J’ai passé deux exécrables journées, samedi et hier. Il m’a été impossible d’écrire une ligne. Ce que j’ai juré, gâché de papier et trépigné de rage, est impossible à savoir. J’avais à faire un passage psychologico-nerveux des plus déliés, et je me perdais continuellement dans les métaphores, au lieu de préciser les faits. Ce livre, qui n’est qu’en style, a pour danger continuel le style même. La phrase me grise et je perds de vue l’idée. L’univers entier me sifflerait aux oreilles, que je ne serais pas plus abîmé de honte que je ne le suis quelquefois. Qui n’a senti de ces impuissances, où il semble que votre cervelle se dissout comme un paquet de linge pourri ? Et puis le vent resouffle, la voile s’enfle. Ce soir, en une heure, j’ai écrit toute une demi-page. Je l’aurais peut-être achevée, si je n’eusse entendu sonner l’heure et pensé à toi.

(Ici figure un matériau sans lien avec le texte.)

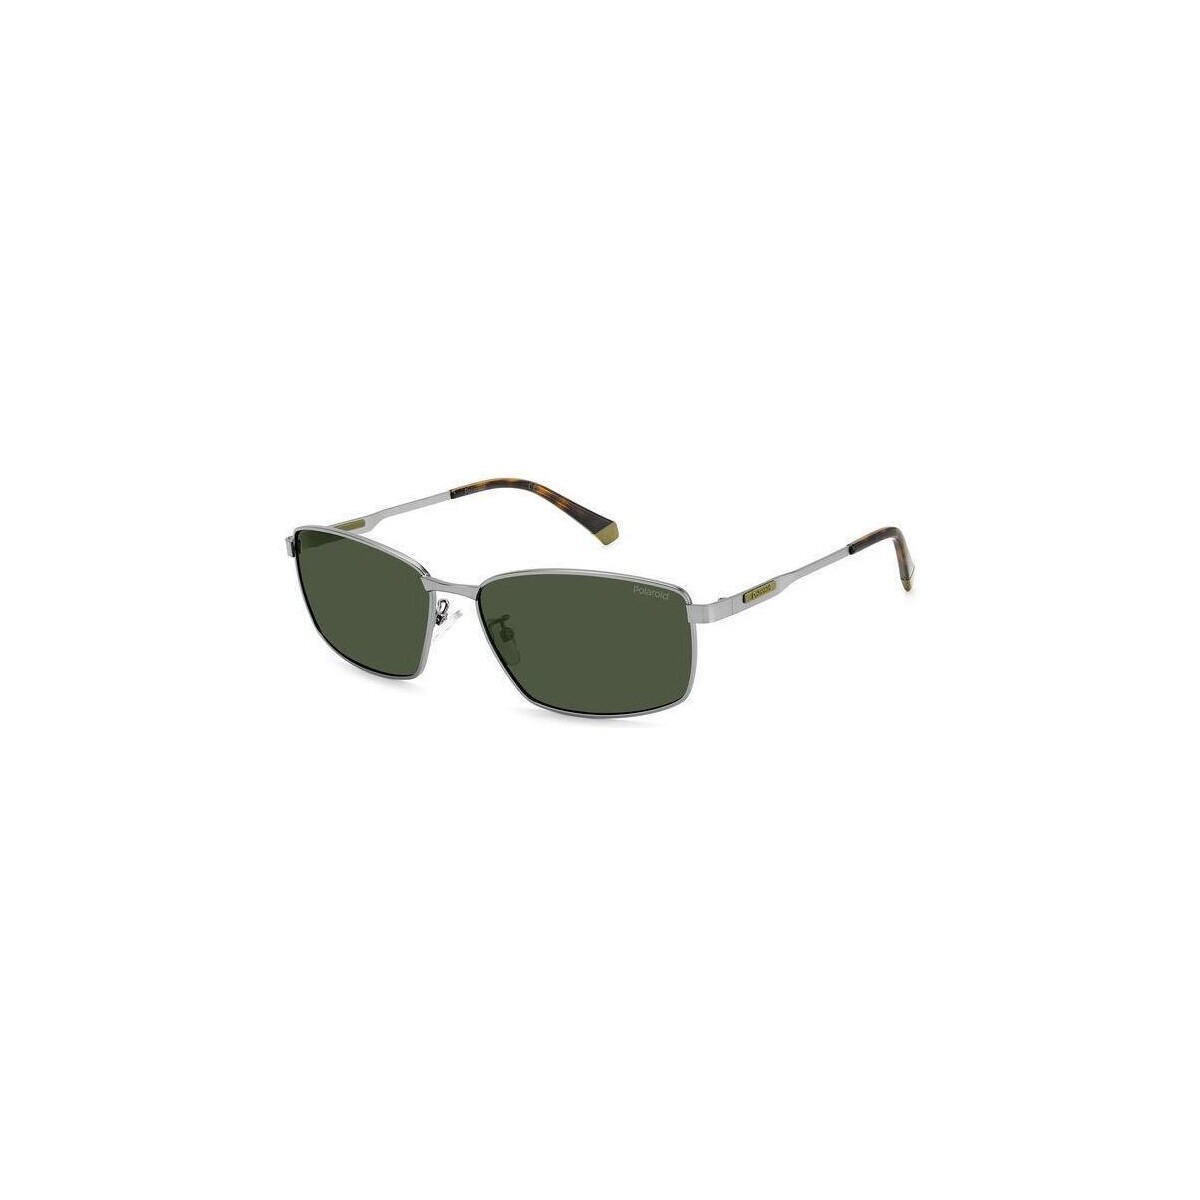 Orologi & Gioielli Uomo Occhiali da sole Polaroid PLD 2137/G/S/X Occhiali da sole, Argento Opaco/Verde, 60 mm Altri
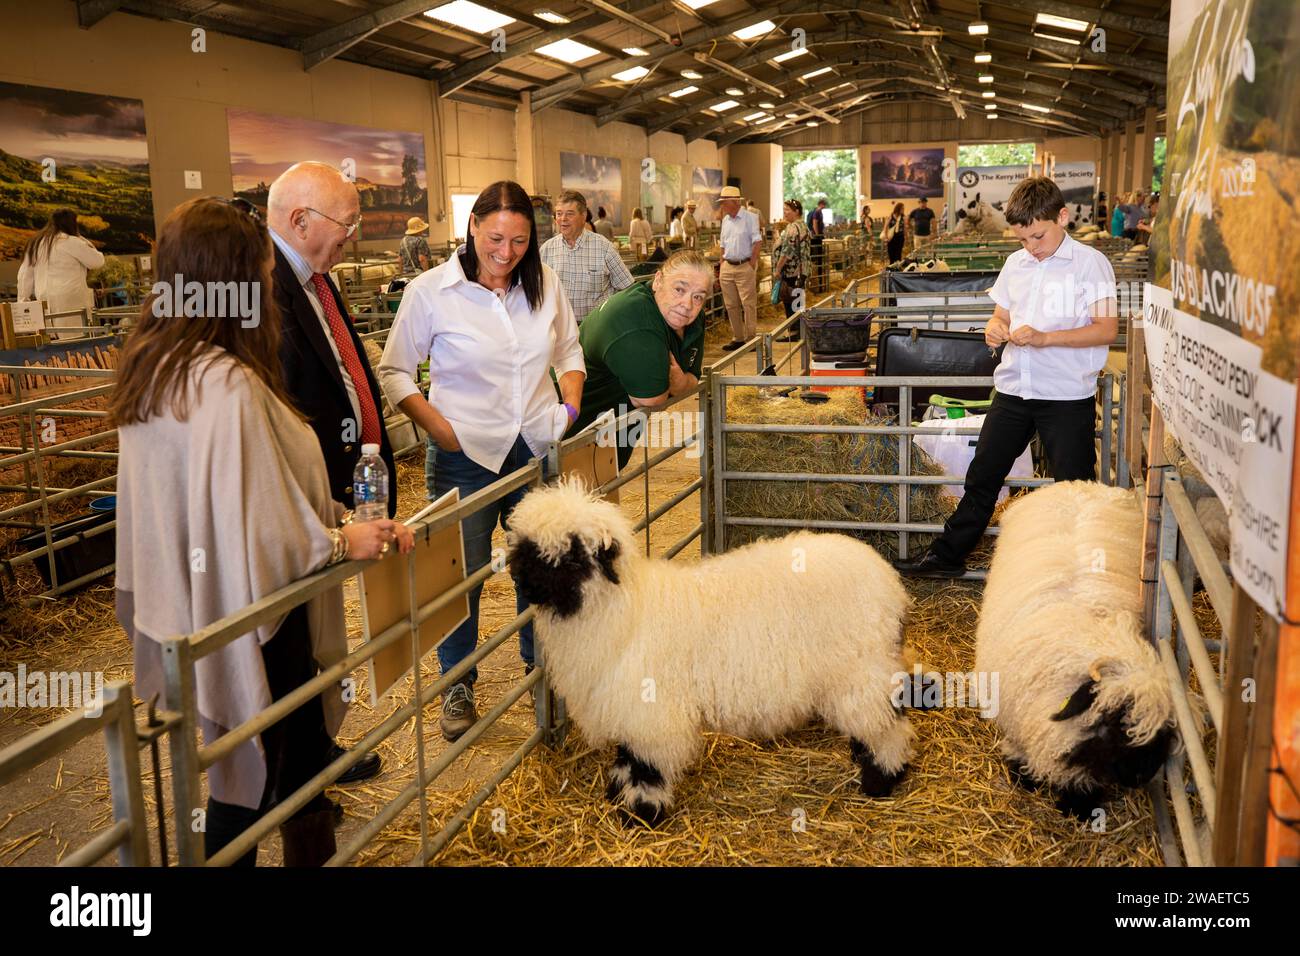 Regno Unito, Inghilterra, Worcestershire, Malvern Wells, Royal 3 Counties Show, Valais Blacknose pecore del gregge di Sammia Shail da Birtmorton, Malvern al coperto Foto Stock

Quant à ton journal, je n’ai nullement défendu à Bouilhet d’y collaborer. Mais je crois seulement que lui, inconnu, débutant, ayant sa réputation à ménager, son nom à faire valoir et mousser, il aurait tort de donner maintenant des vers à un petit journal. Cela ne lui rapporterait ni honneur ni profit et je ne vois pas en quoi cela te rendrait service, puisque vous avez le droit de prendre de droite et de gauche ce qui vous plaît. Pour ce qui est de moi, tu comprends que je n’écrirai pas plus dans celui-là que dans un autre. À quoi bon ? et en quoi cela m’avancerait-il ? S’il faut (quand je serai à Paris) t’expédier des articles pour t’obliger, de grand cœur. Mais quant à signer, non. Voilà vingt ans que je garde mon pucelage. Le public l’aura tout entier et d’un seul coup, ou pas. D’ici là, je le soigne. Je suis bien décidé d’ailleurs à n’écrire par la suite dans aucun journal, fût-ce même La Revue des Deux-Mondes, si on me le proposait. Je veux ne faire partie de rien, n’être membre d’aucune académie, d’aucune corporation ni association quelconque. Je hais le troupeau, la règle et le niveau. Bédouin, tant qu’il vous plaira ; citoyen, jamais. J’aurai même grand soin, dût-il m’en coûter cher, de mettre à la première page de mes livres que la reproduction en est permise, afin qu’on voie que je ne suis pas de la Société des gens de lettres, car j’en renie le titre d’avance, et je prendrais, vis-à-vis de mon concierge, plutôt celui de négociant ou de chasublier. Ah ! ah ! je n’aurai pas tourné dans ma cage pendant un quart de siècle, et avec plus d’aspiration à la liberté que les tigres du Jardin des Plantes, pour m’atteler ensuite à un omnibus et trottiner d’un pas tranquille sur le macadam commun. Non, non. Je crèverai dans mon coin comme un ours galeux, ou bien l’on se dérangera pour voir l’ours. Il y a une chose toute nouvelle et charmante à faire dans ton journal, une chose qui peut être presque une création littéraire, et à quoi tu ne penses pas, c’est l’article mode. Je t’expliquerai ce que je veux dire, dans ma prochaine. Il me reste à peine assez de place pour te dire que ton Gustave t’embrasse.